---------- THE DATA ----------
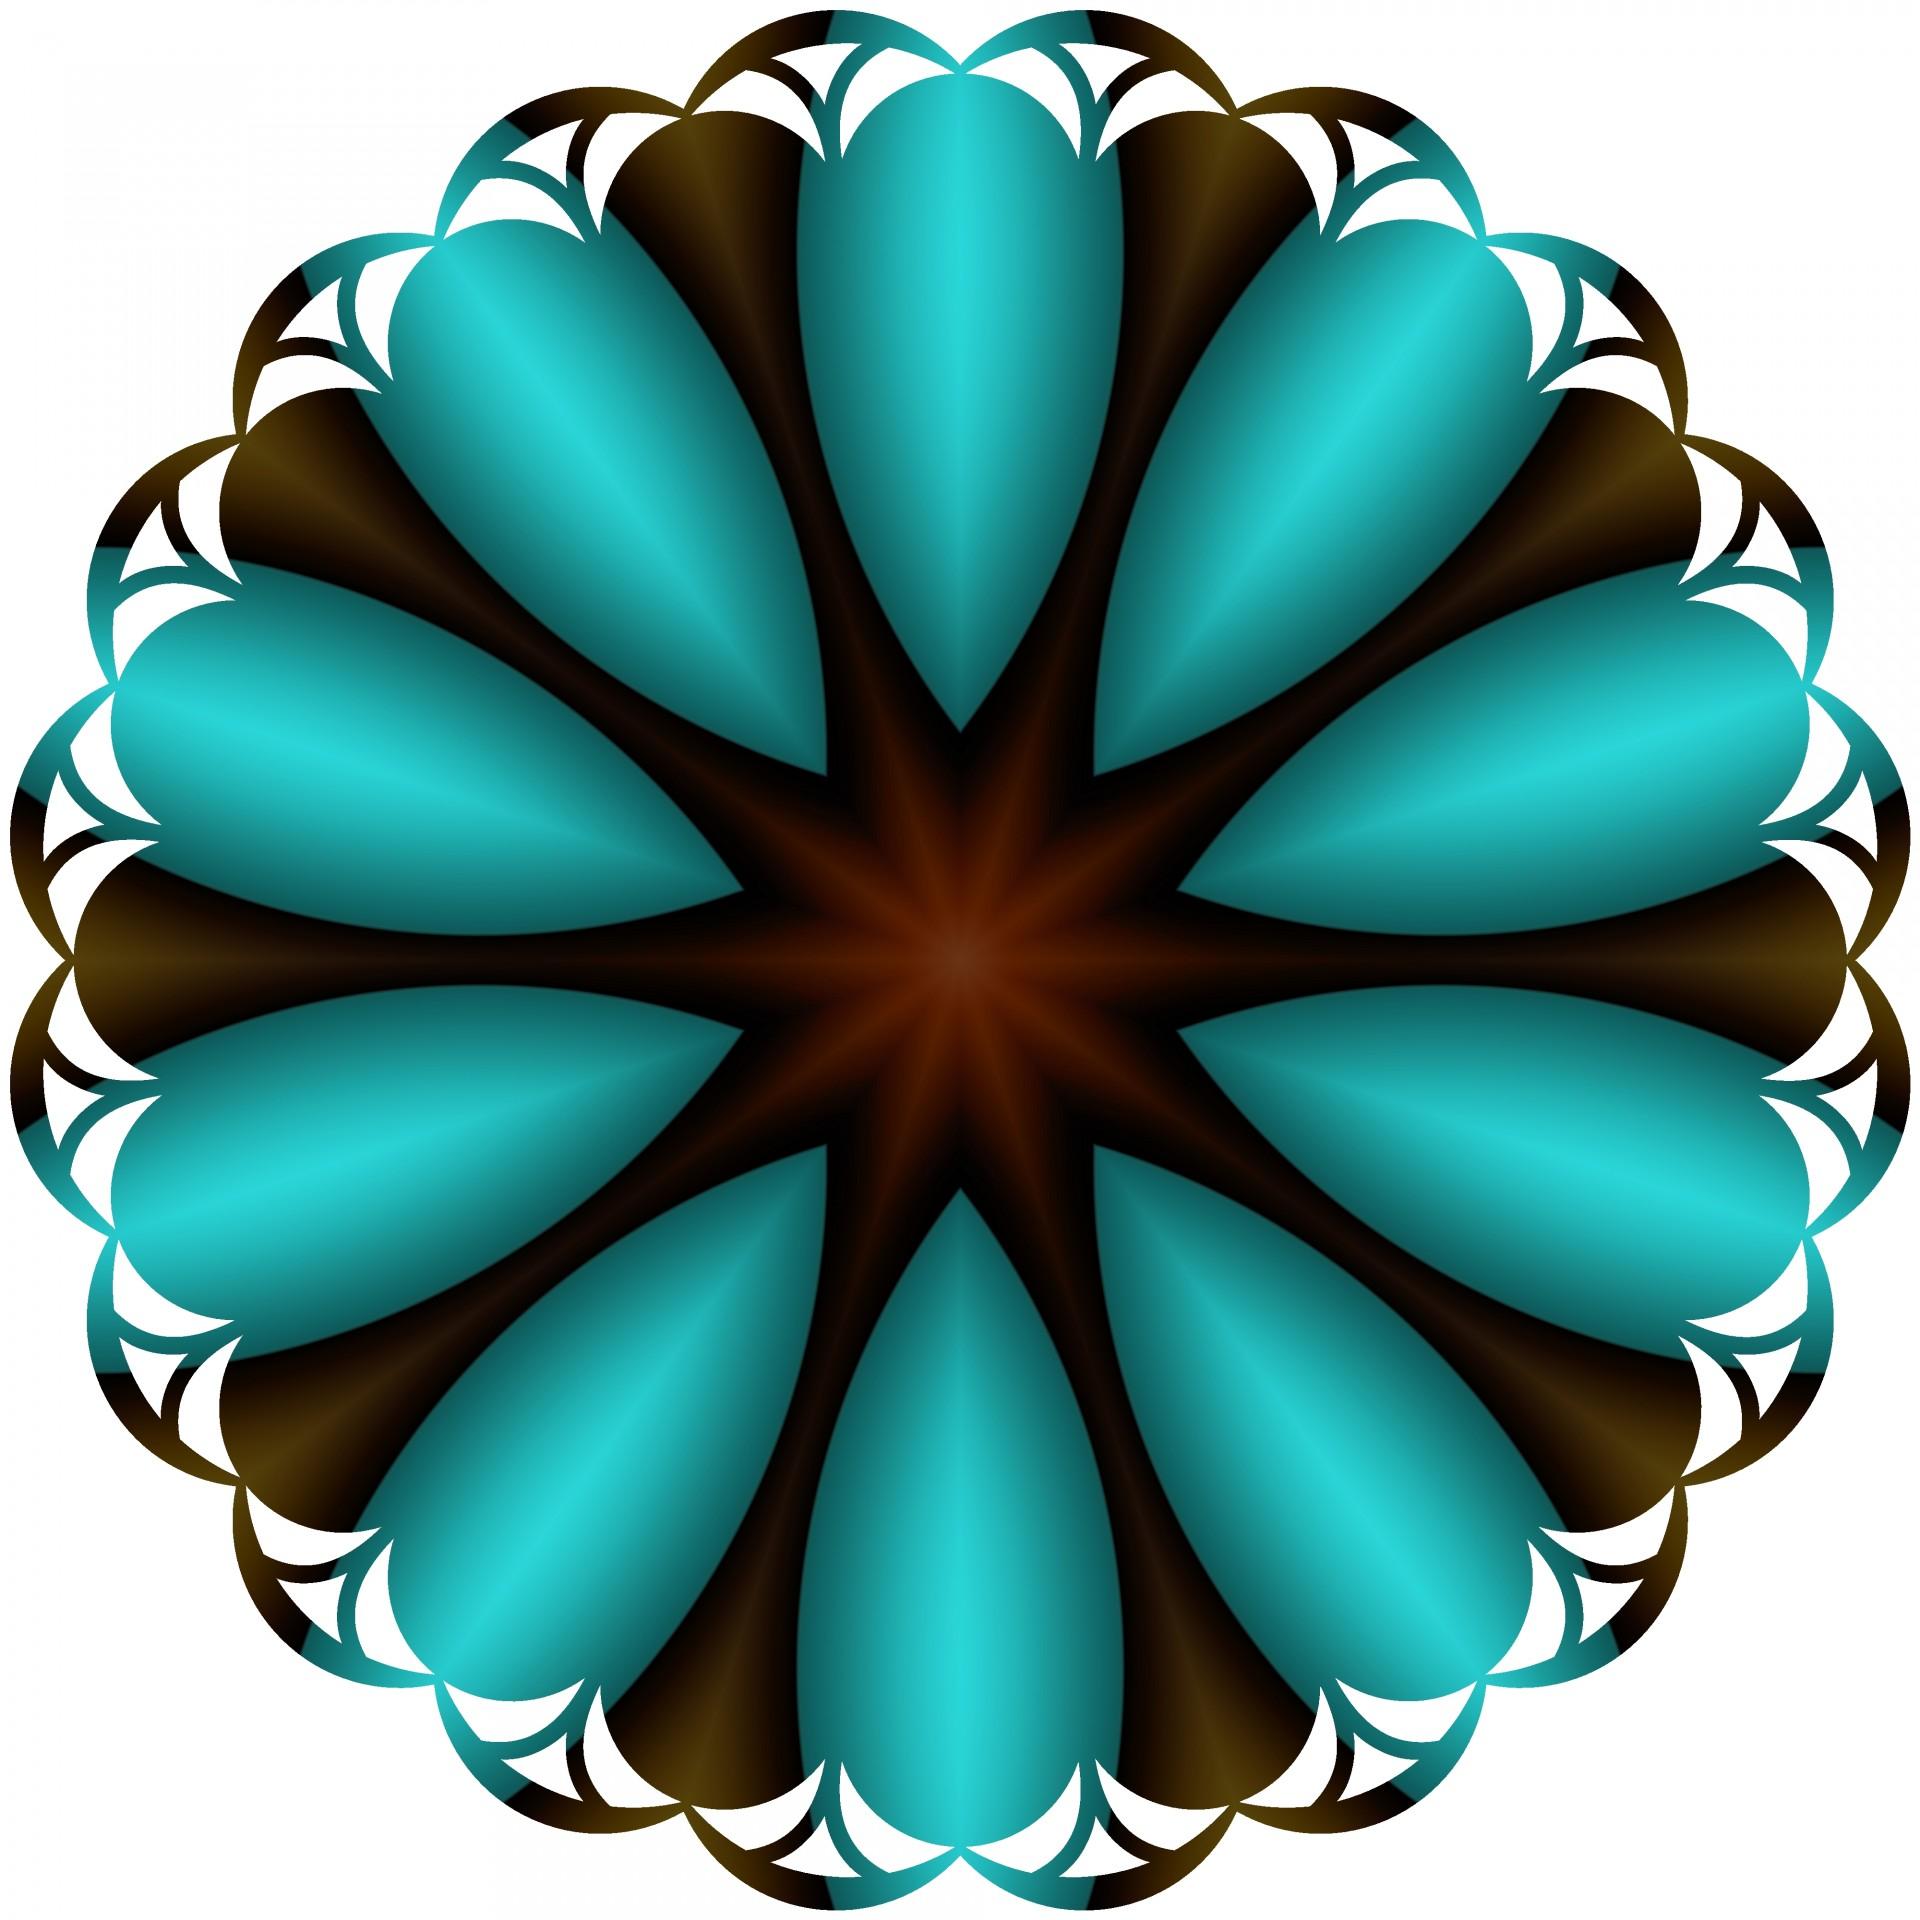 Blue Petals Free Stock Photo.
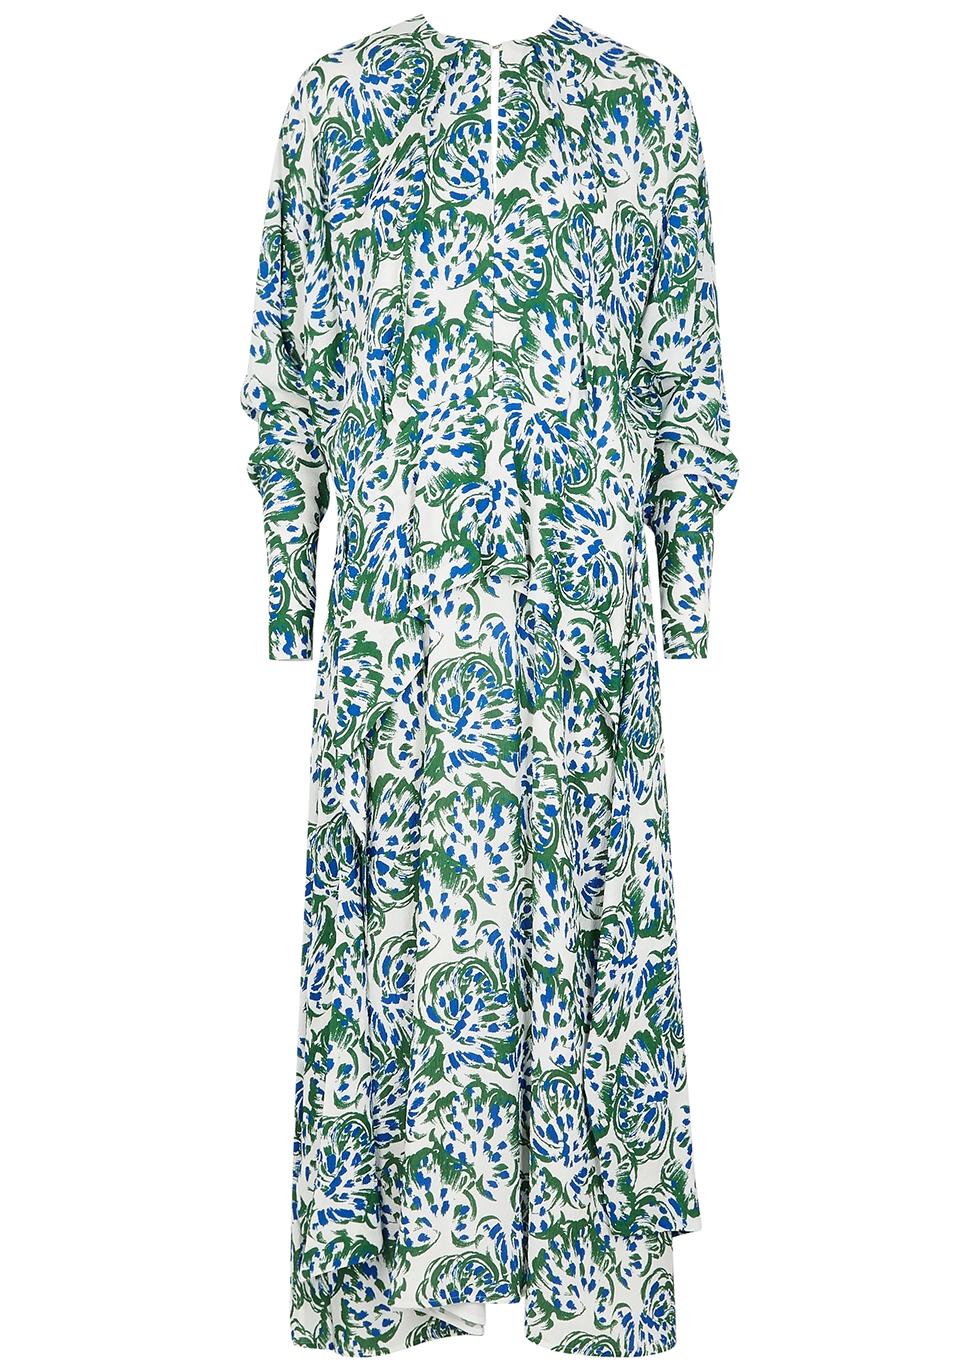 bb02844cbc4b Designer Dresses & Designer Gowns - Harvey Nichols
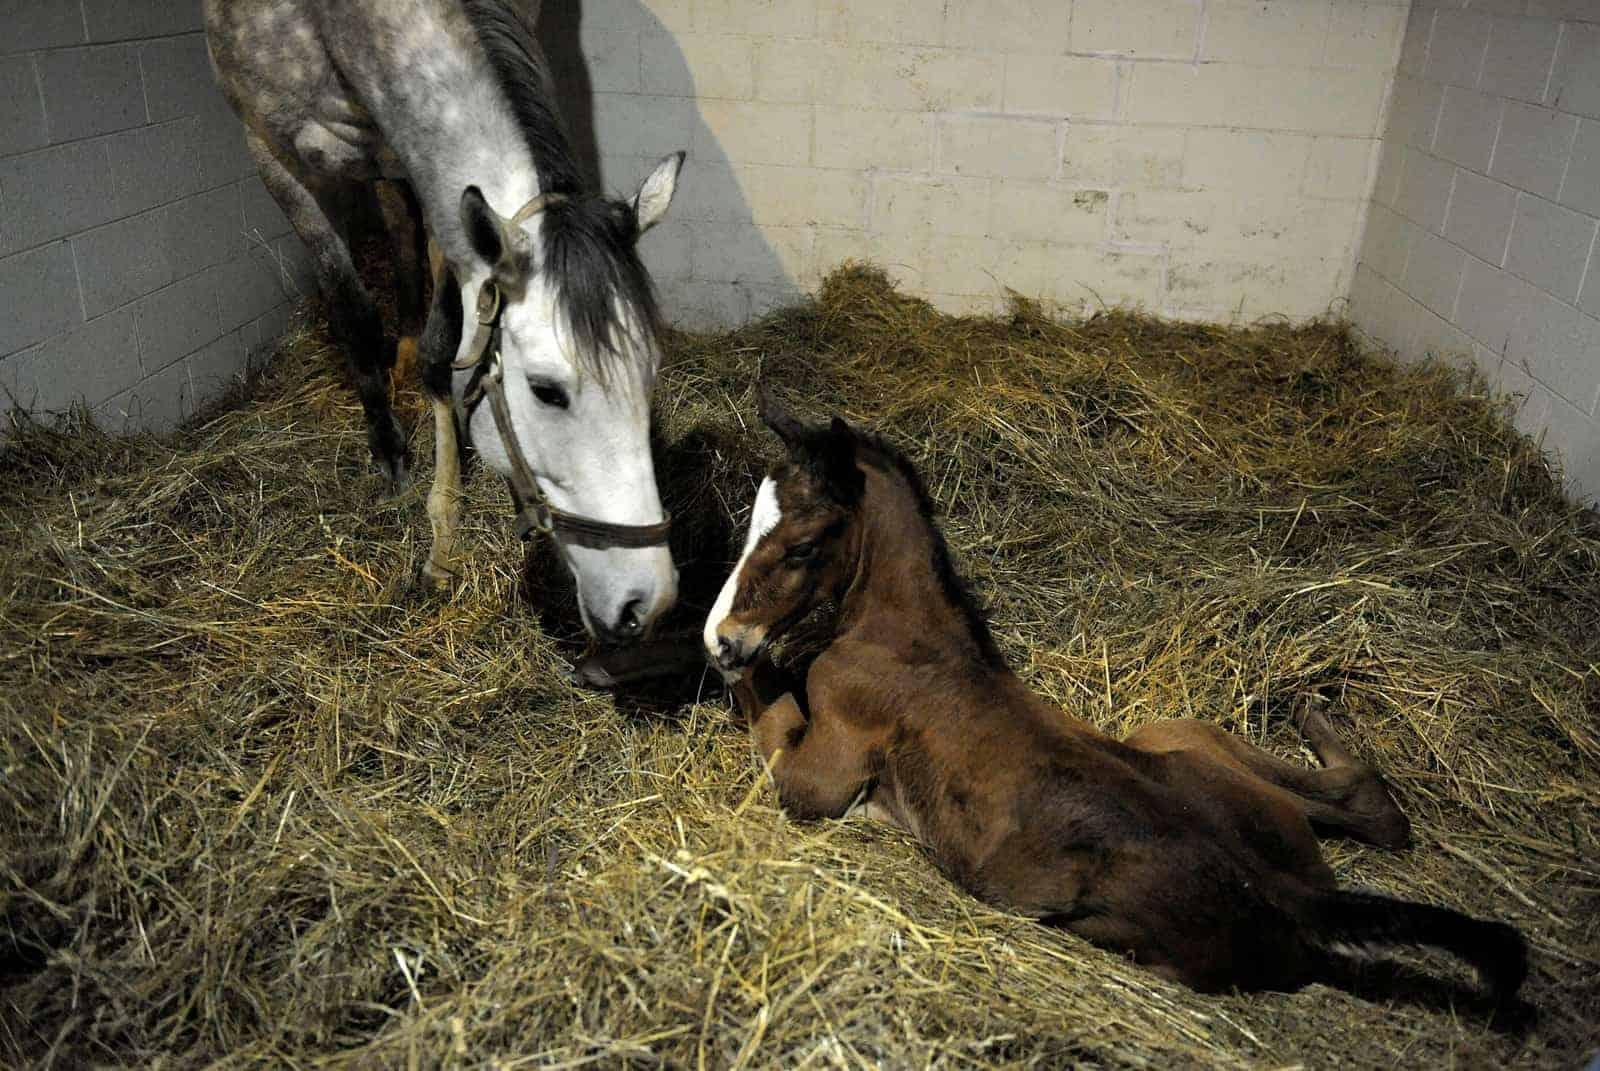 Do Probiotics Help Prevent Foal Diarrhea? - The Horse
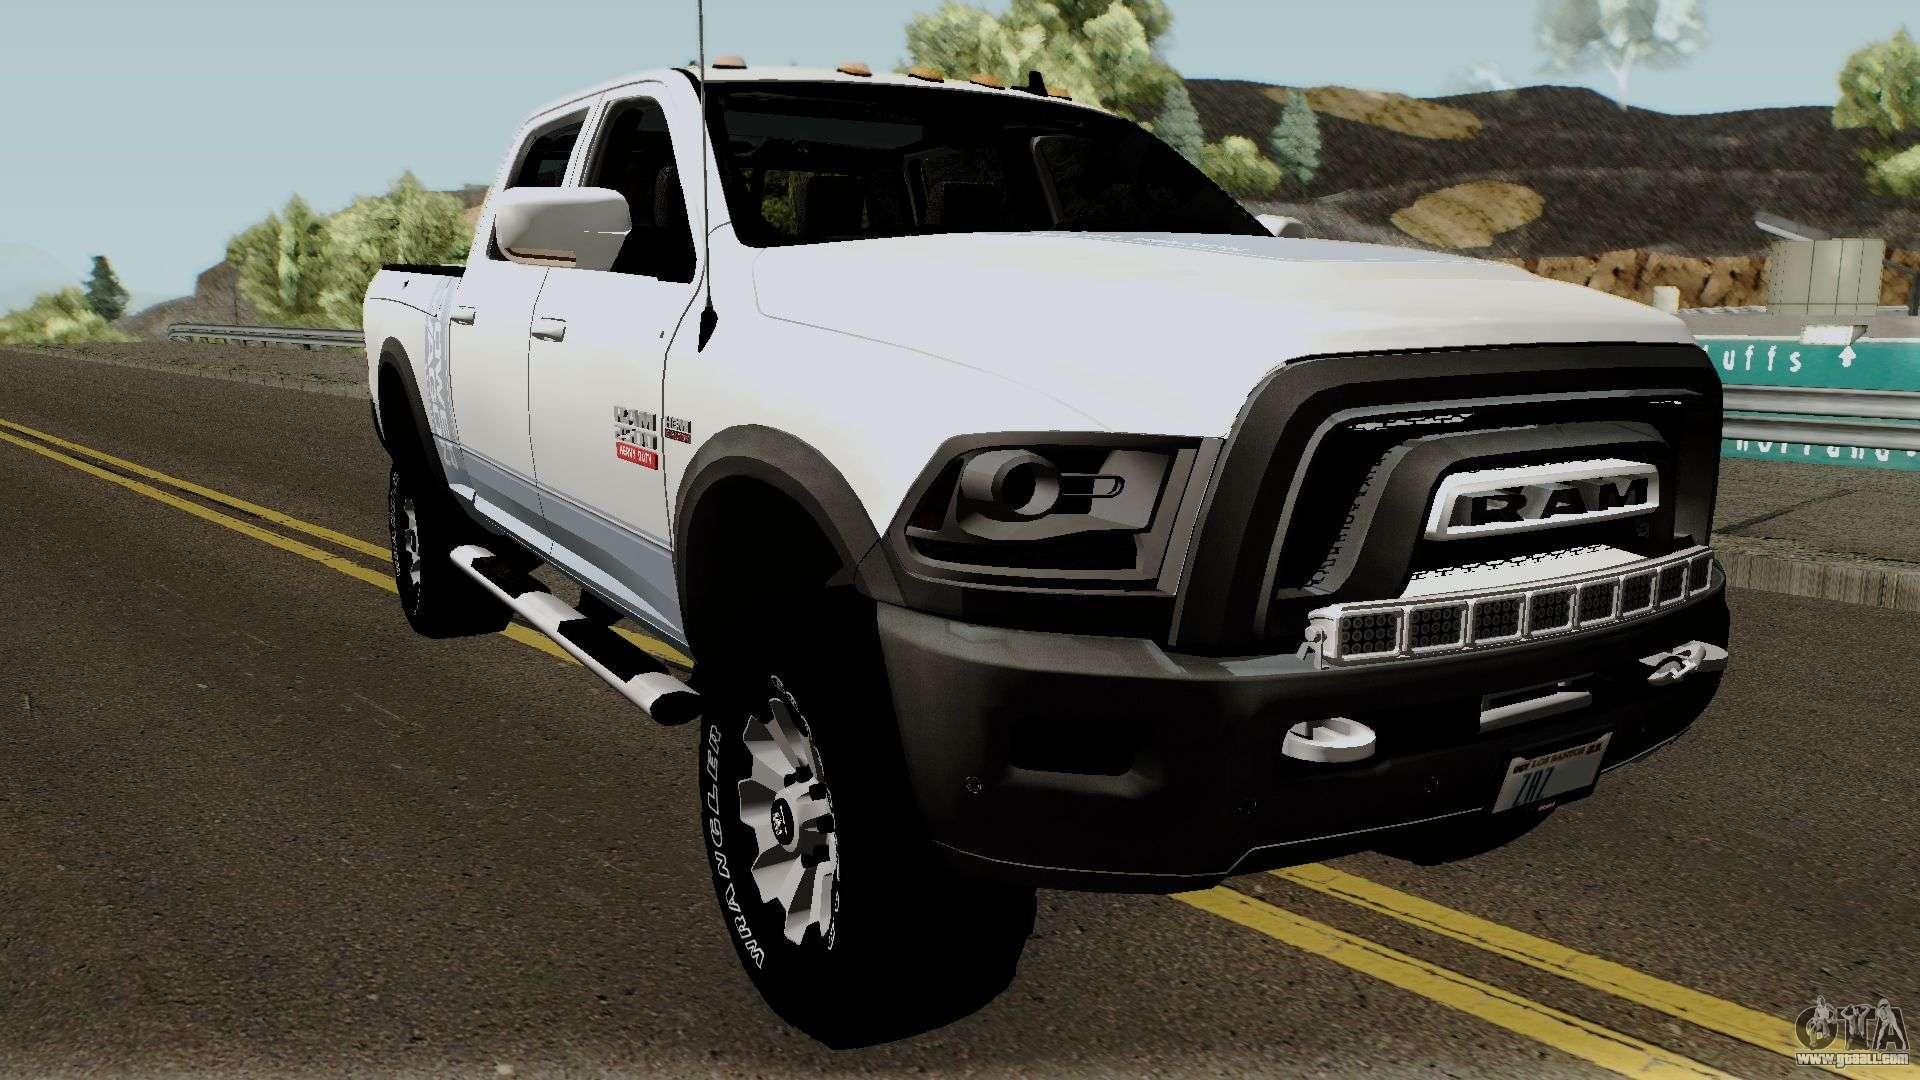 ram 2500 dodge wagon power gta andreas san truck american mod nice body cars detailed
----------
**PROBLEM DETAILS:**
Go through the listing above and retype it exactly, skipping every picture.

**OUTPUT OF THE EXERCISE:**
 Blue Petals Free Stock Photo.
 bb02844cbc4b Designer Dresses & Designer Gowns - Harvey Nichols
 Do Probiotics Help Prevent Foal Diarrhea? - The Horse
 ram 2500 dodge wagon power gta andreas san truck american mod nice body cars detailed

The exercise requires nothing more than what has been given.